Читаем Тиберий Гракх полностью

Таблин его юности в пристройке к дому оказался на запоре. По словам единственного отцовского раба-грека Диона, отец запретил туда входить, распорядившись: «Пусть все будет таким, каким оставил мальчик». Двери пришлось вскрывать ломом: замок проржавел, да и ключ потерялся. Пахнуло затхлостью. Вещи, книги, бюсты юношеских кумиров Лукреция оставались нетронутыми семь лет. Об этом говорили толстый слой белой пыли, паутина на углах, обвалившаяся во время частых в этой местности землетрясений штукатурка на мозаичном полу.

Подойдя к полке, Лукреций брезгливо снял бюст Цезаря и с размаху швырнул на пол.
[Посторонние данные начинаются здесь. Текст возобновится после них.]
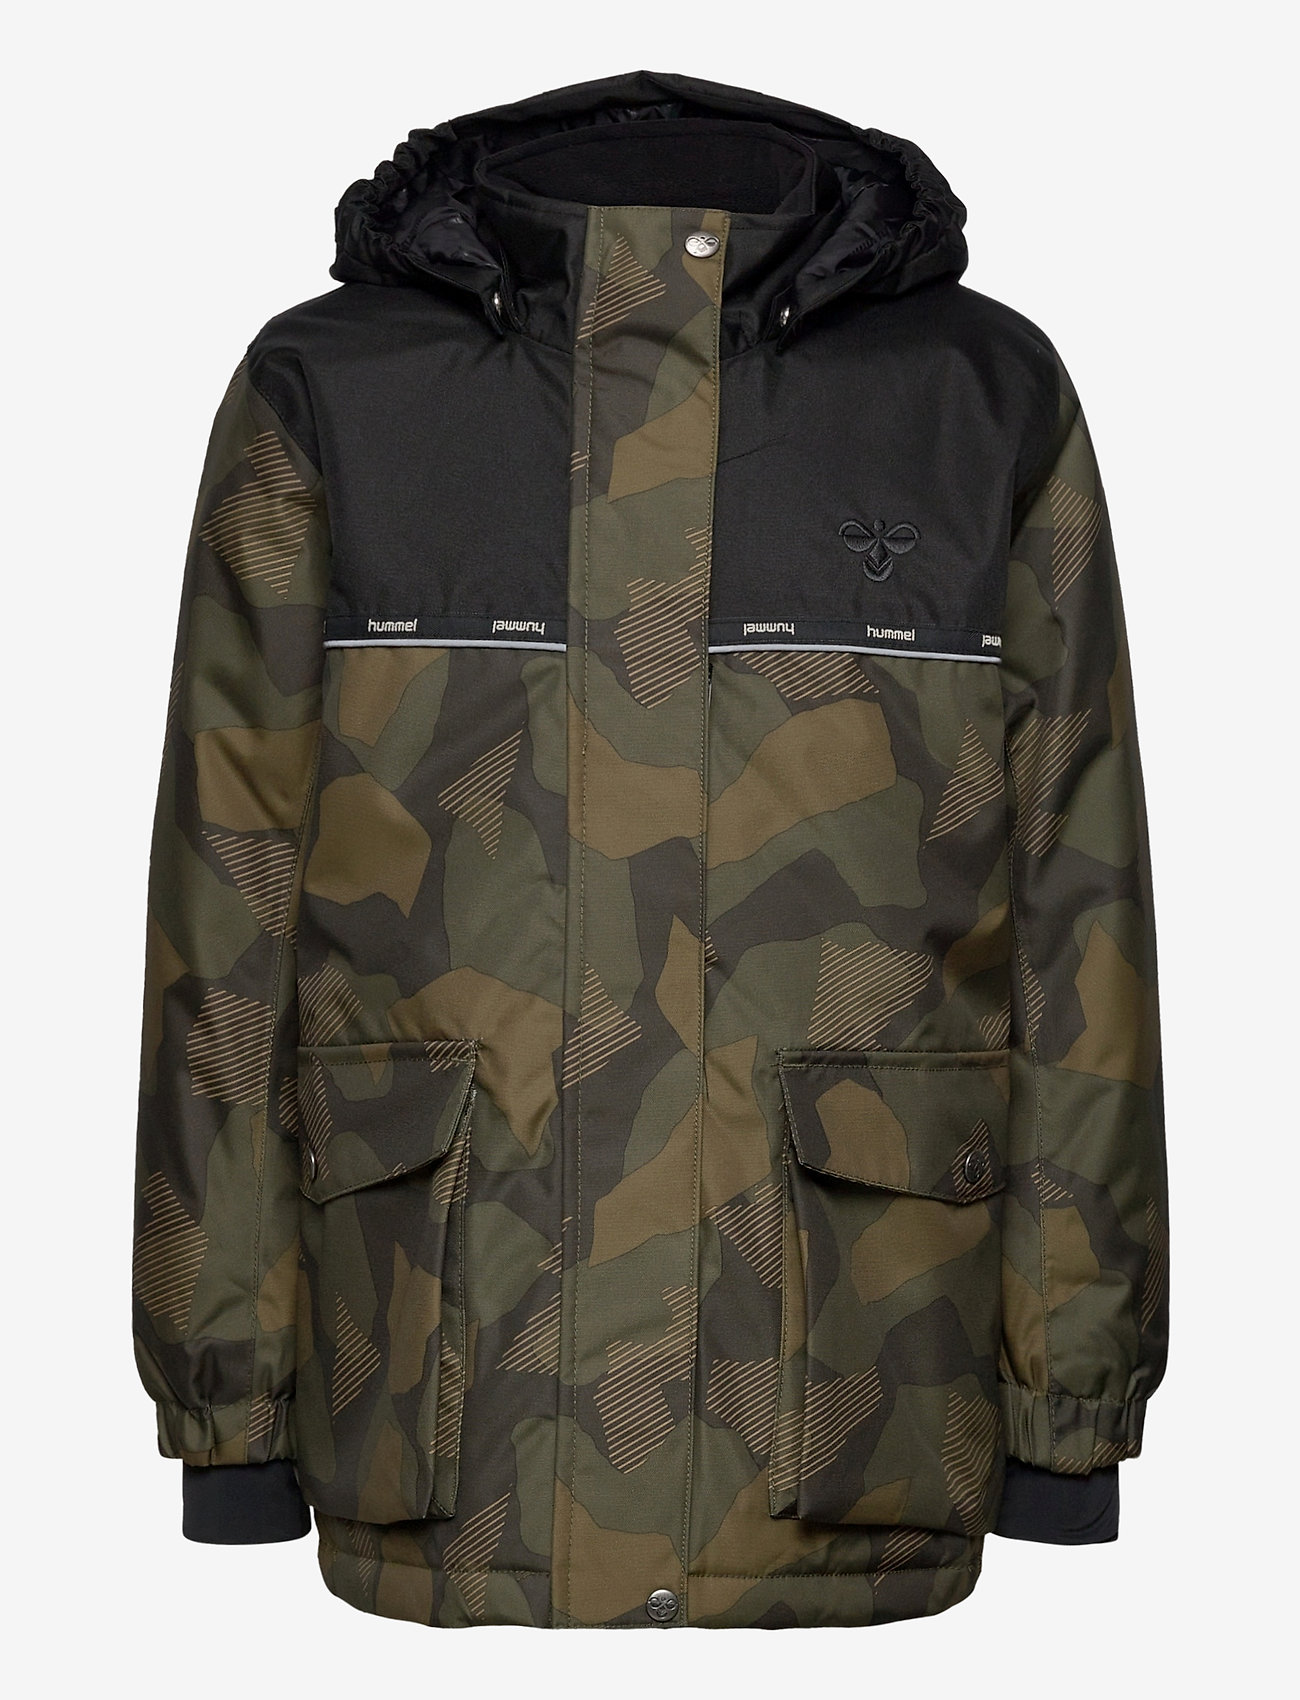 Hummel - hmlWEST JACKET - insulated jackets - olive night/ ecru olive - 1

На шум прибежал Дион и с удивлением остановился на пороге.

– Будь добр, – распорядился Лукреций. – Принеси теплой воды.

Тщательно смывая с рук пыль и, кажется, вместе с нею и юношеские иллюзии, Лукреций попутно разглядывал полку со свитками. Его взгляд коснулся футляра с надписью «Квинт Туллий Цицерон», и Лукреций едва удержался, чтобы не броситься к свитку и его не растоптать. Это было сочинение времени, когда власти домогались Луций Сергий Катилина и брат Квинта Марк Цицерон. Двумя годами позже, во время консульства Цезаря и Бибула, Лукреций попытался воспользоваться советами Квинта для занятия должности эдила, открывавшей дорогу к политической деятельности. Кое-какие деньги для подкупа избирателей прислал отец, но их не хватило. Самое же главное – политическая деятельность во время триумвирата Цезаря, Помпея и Красса потеряла смысл.
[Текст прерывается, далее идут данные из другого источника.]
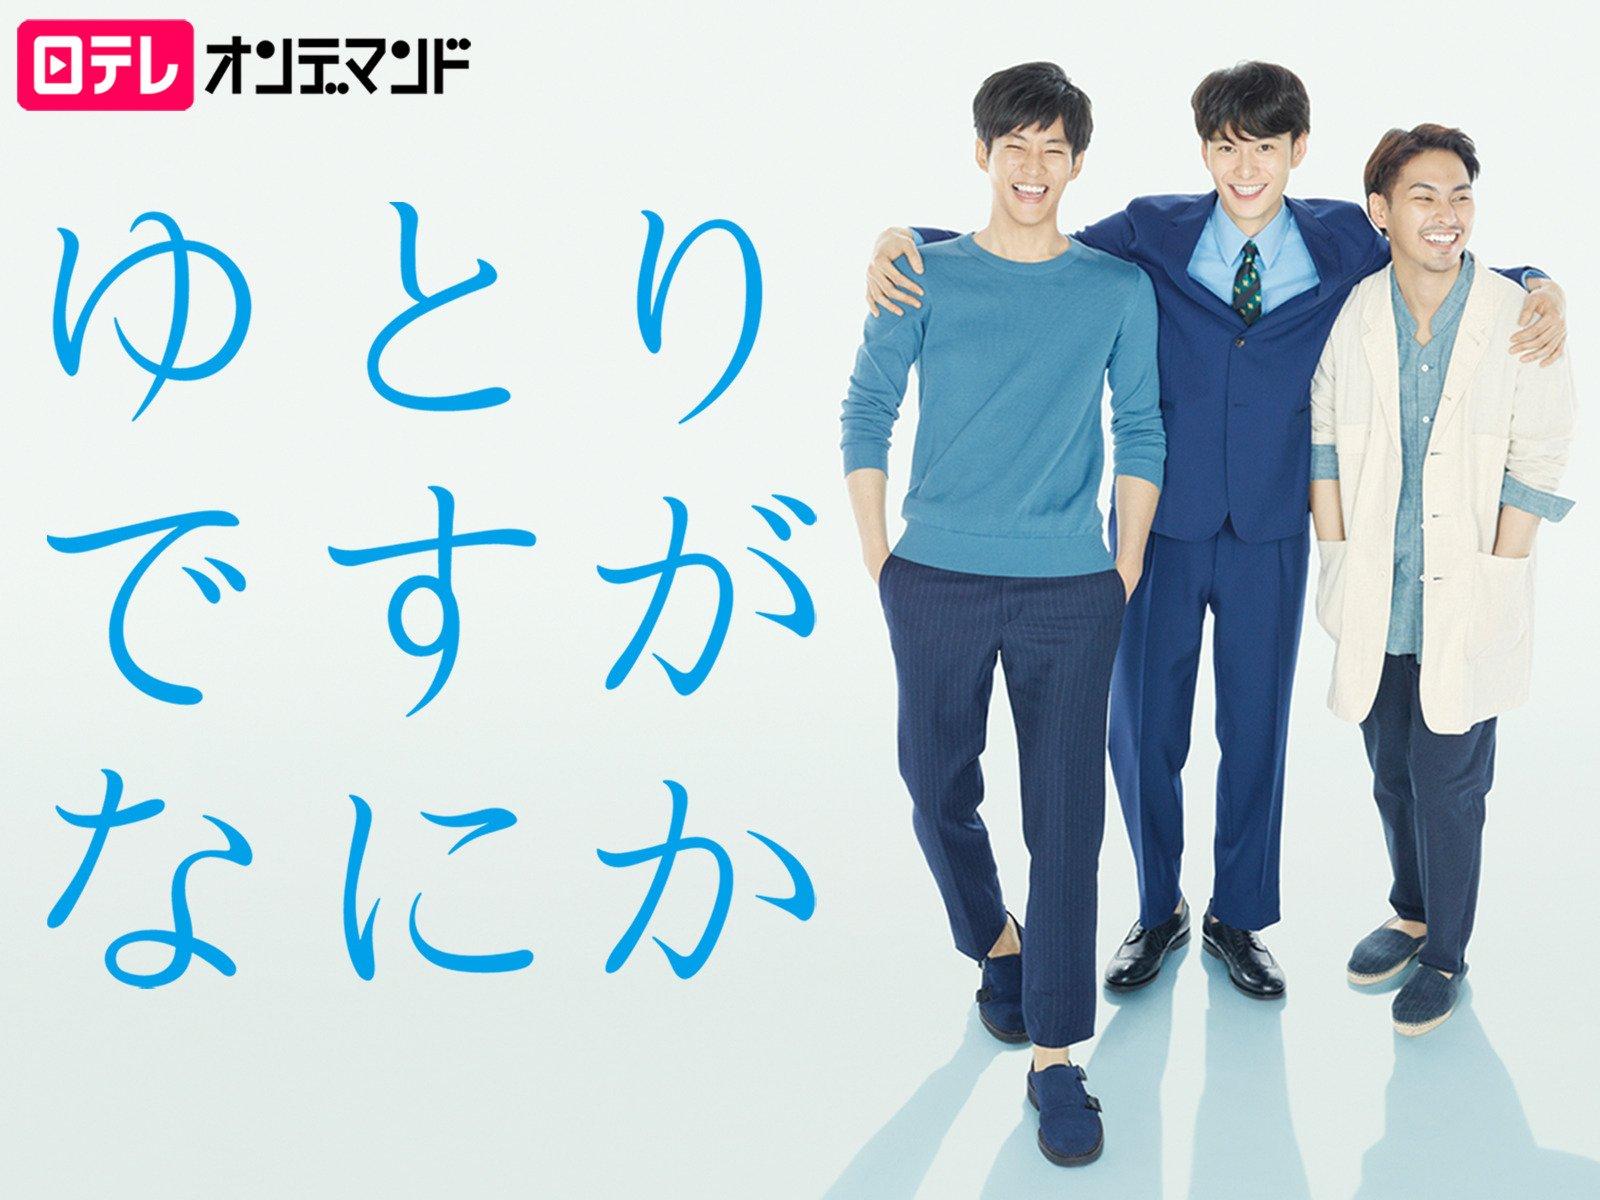 Amazon.co.jp: ゆとりですがなにかを観る   Prime Video

Разочарование ищет себе пару. Оно для Лукреция совпало с выходом Ноннии, дочери соседа, замуж за богатого откупщика налогов. А ведь сколько было слез, клятв и взаимных обещаний! Сколько стихов Лукреций посвятил обманщице! Швырнув стихи в печь, Лукреций покинул Геркуланум, а затем и Италию. Начались странствия. Афины, Родос, Пергам, Александрия. Менялись города и попутчики. Но друзей не было. Не было и привязанностей. Не было стихов. А ведь когда-то они лились, и их ценил сам Катулл.

Под свитком Квинта Цицерона в другом ряду оказался футляр с цифрами и надписью на корешке «Из библиотеки Филодема»[93]. Лукреций вспомнил этого забавного старика с вздернутой бородкой и насмешливыми глазами. За год до бегства Лукреция из Геркуланума он туда прибыл то ли из Афин, то ли из какого-то греческого городка в Палестине с огромной библиотекой и с еще большими претензиями на роль властителя умов, и был принят Пизоном, отдававшим свободное от спекуляций землями время философии. «Свиток надо отнести, хотя прочитать его я так и не успел, – подумал Лукреций. – Но ведь вилла могла сгореть, а неуживчивый Филодем рассориться с Пизоном или умереть».

– Скажи, Дион, – обратился Лукреций к слуге, собиравшему на полу осколки, – вилла Пизона на месте?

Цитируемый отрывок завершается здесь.